Copy verbatim the span of lines beginning at the line that contains "Poland - Army 457 aircraft at Inowrocław" and ending with the final line of the data. Exclude pictures from the copy.

[Provided material]
-.-.-
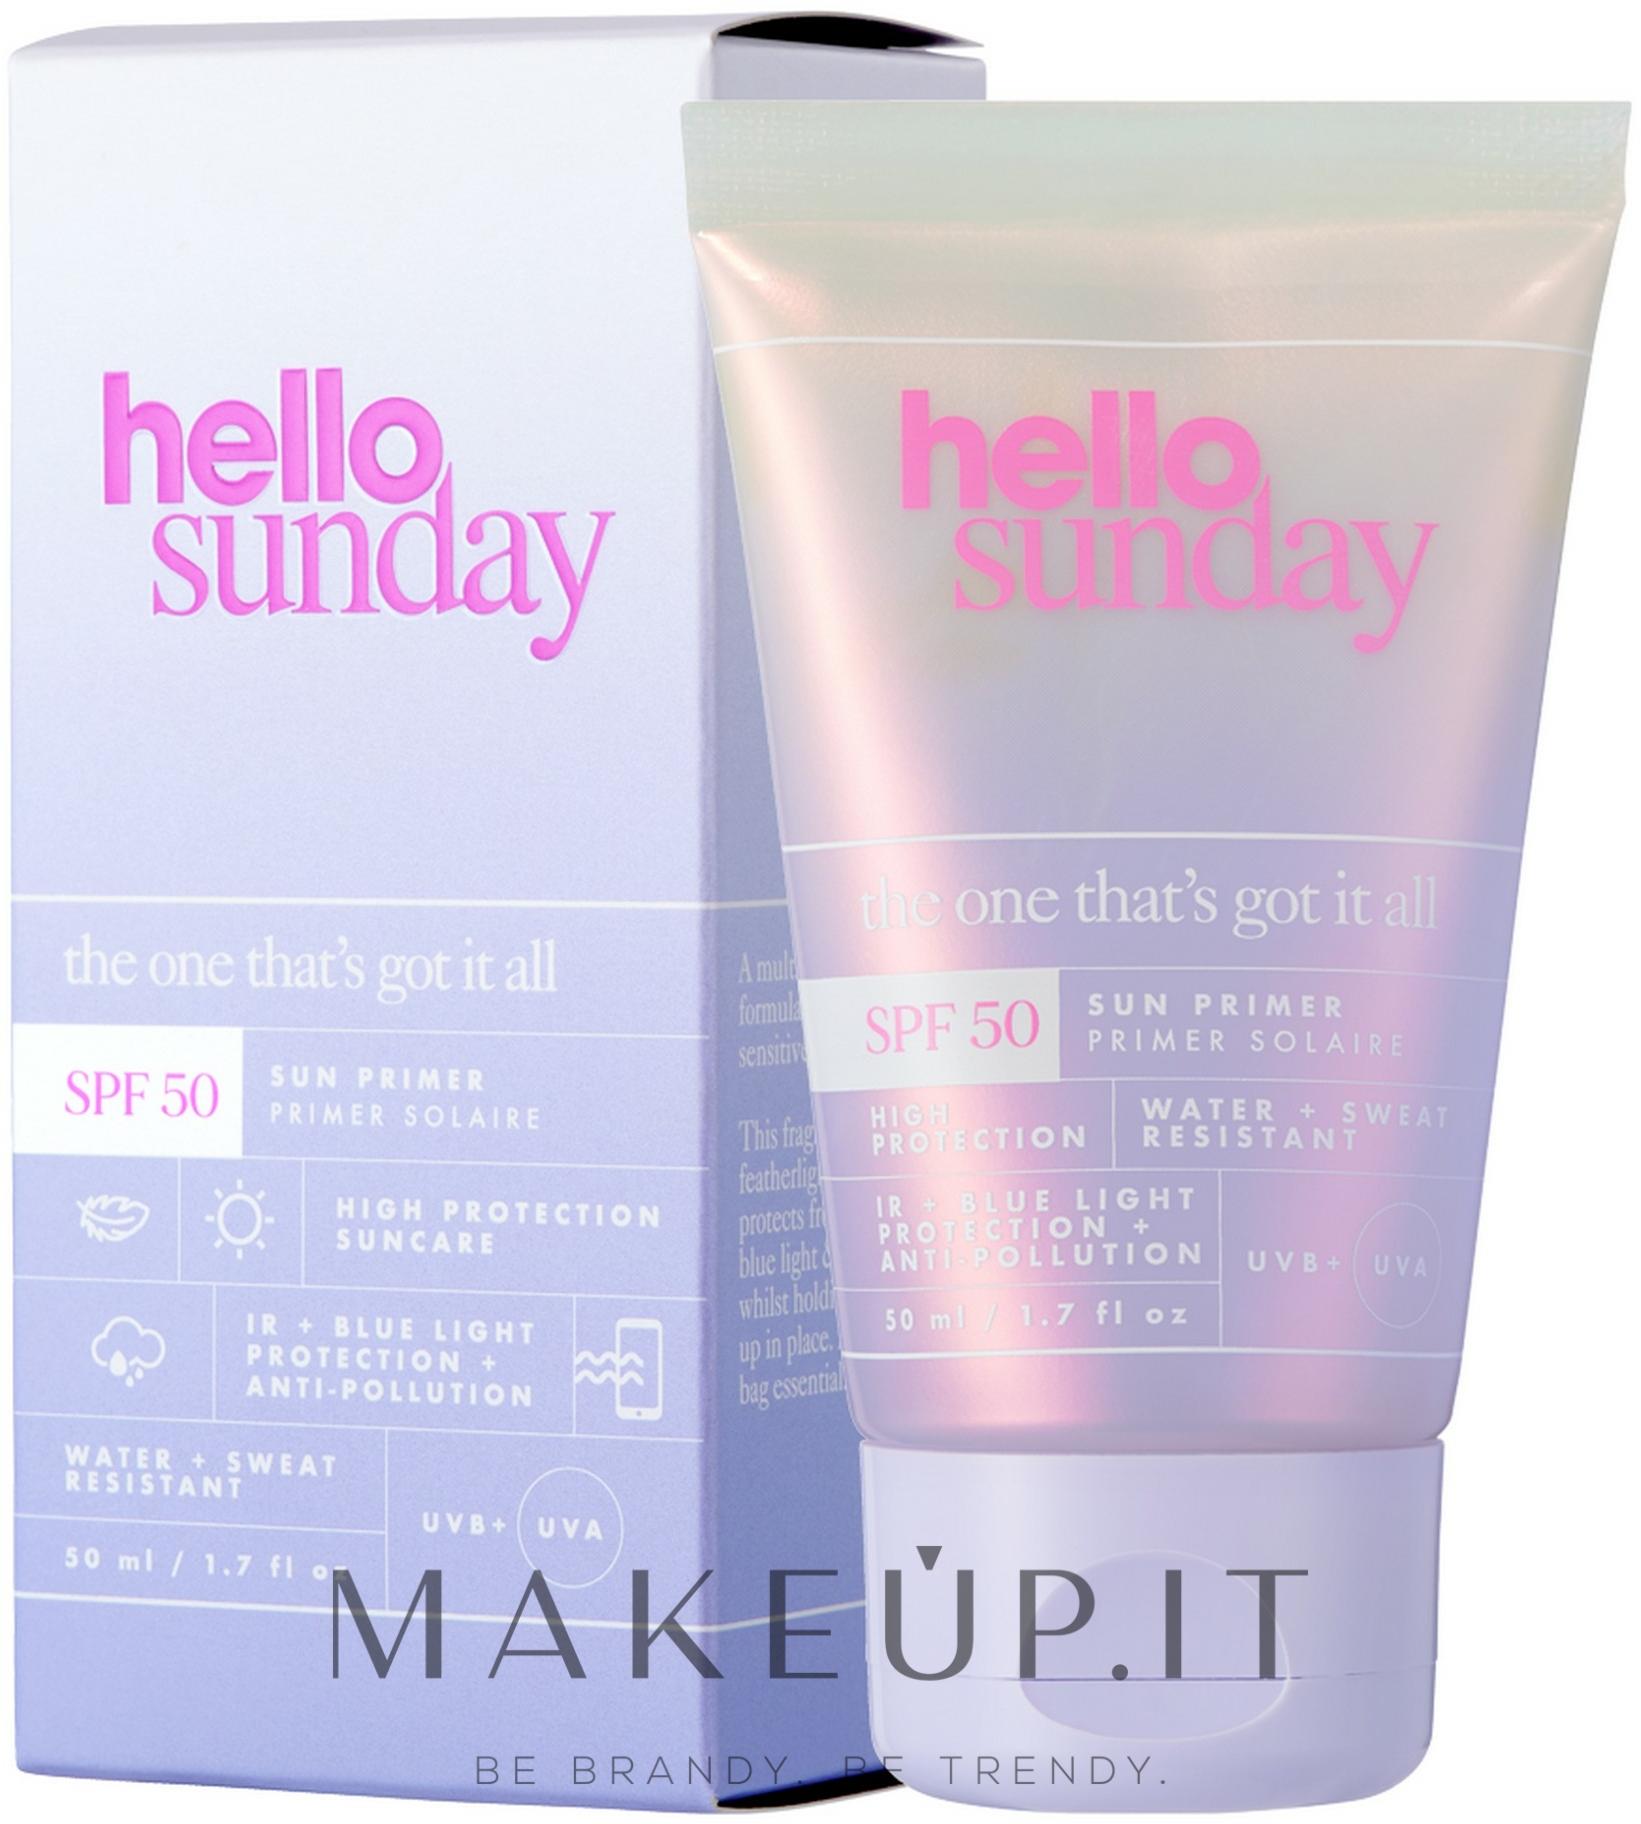 Primer viso SPF 50 - Hello Sunday The One That's Got it All Face Primer SPF50 — foto 50 ml
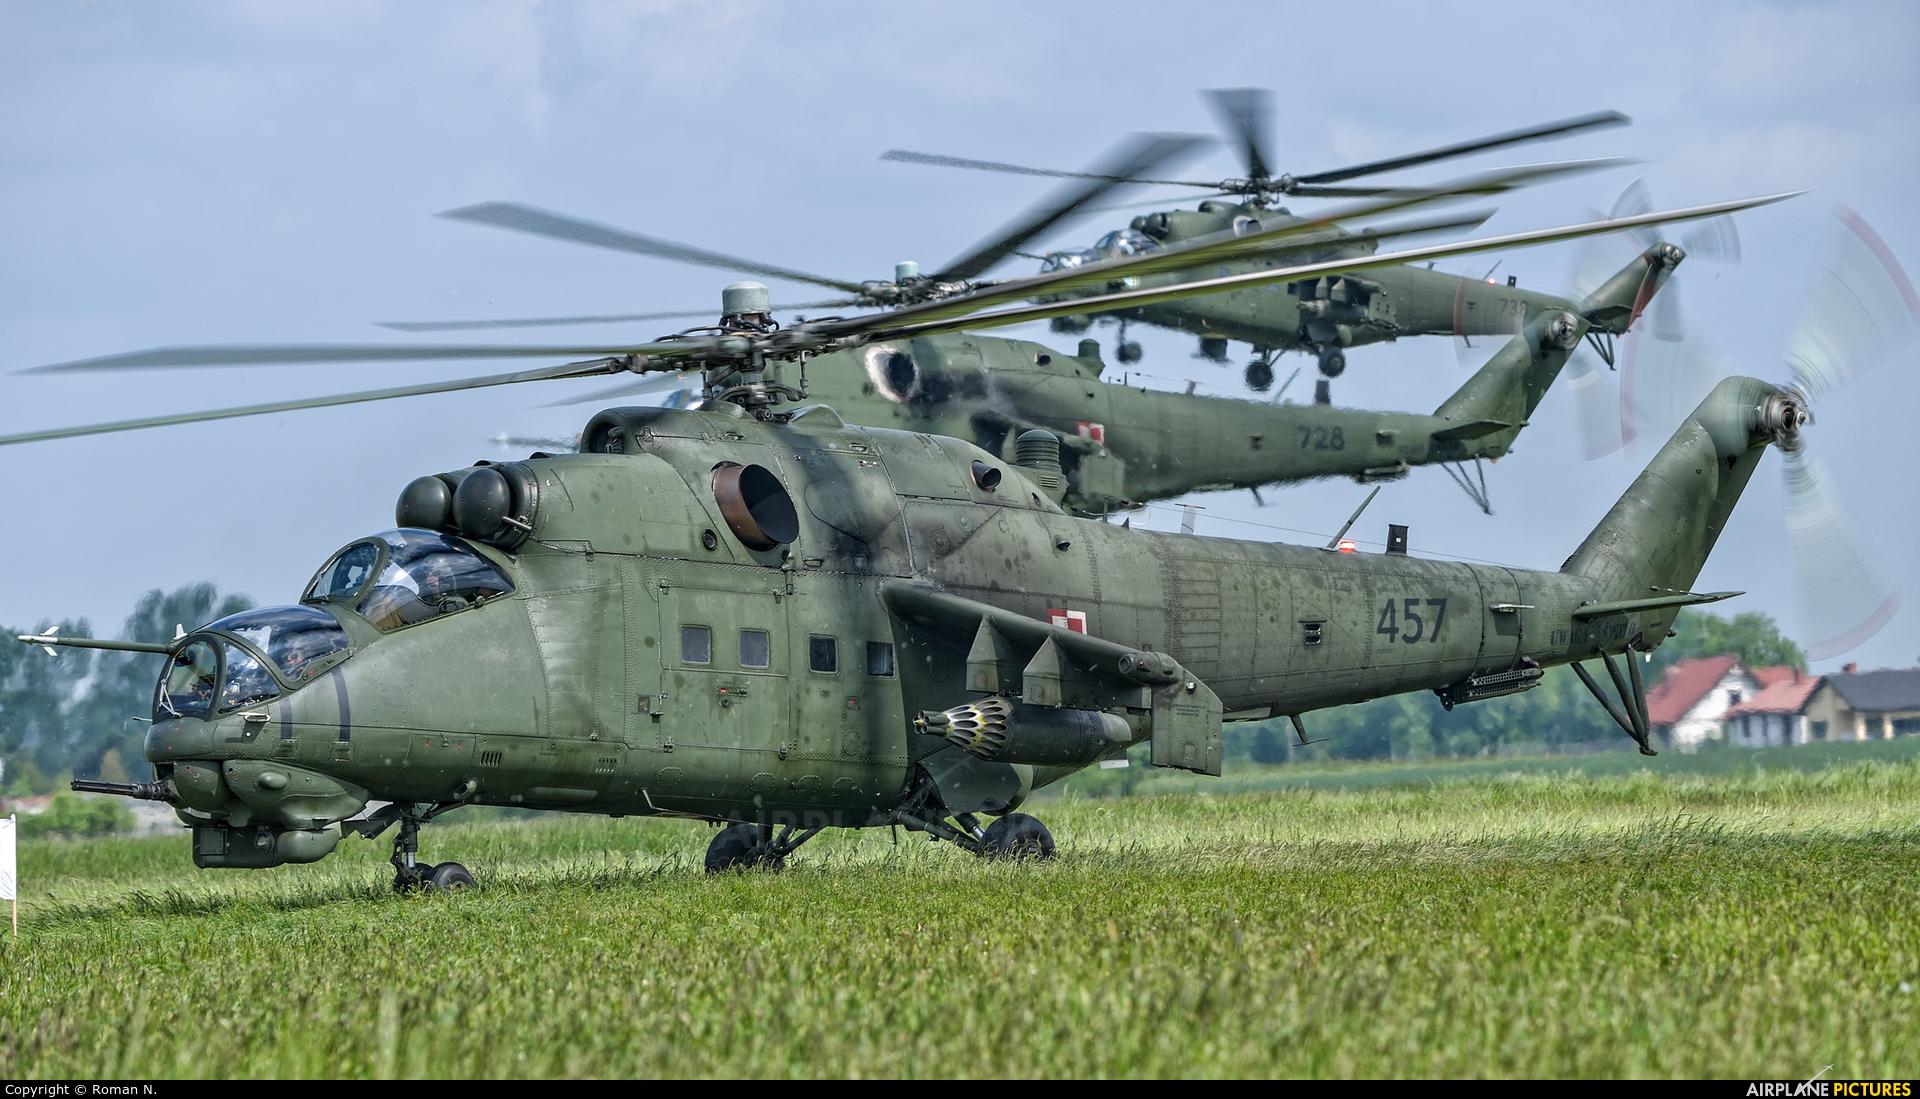 Poland - Army 457 aircraft at Inowrocław
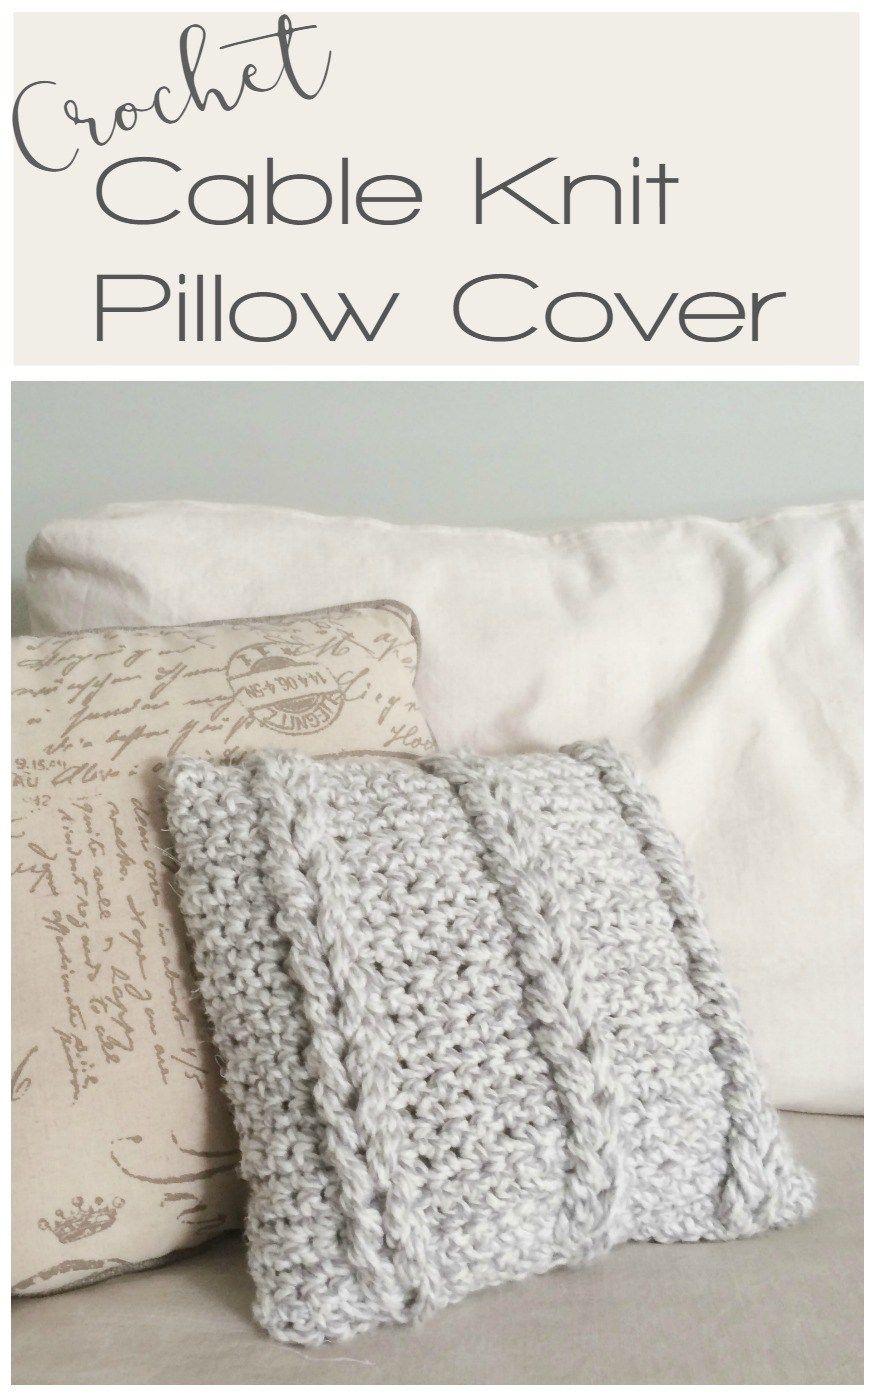 Crochet chain links pillow cover knit pillow free crochet and crochet cable knit pillow cover free crochet pattern bankloansurffo Images
-.-.-
[Exercise result]
 Poland - Army 457 aircraft at Inowrocław
 Crochet chain links pillow cover knit pillow free crochet and crochet cable knit pillow cover free crochet pattern bankloansurffo Images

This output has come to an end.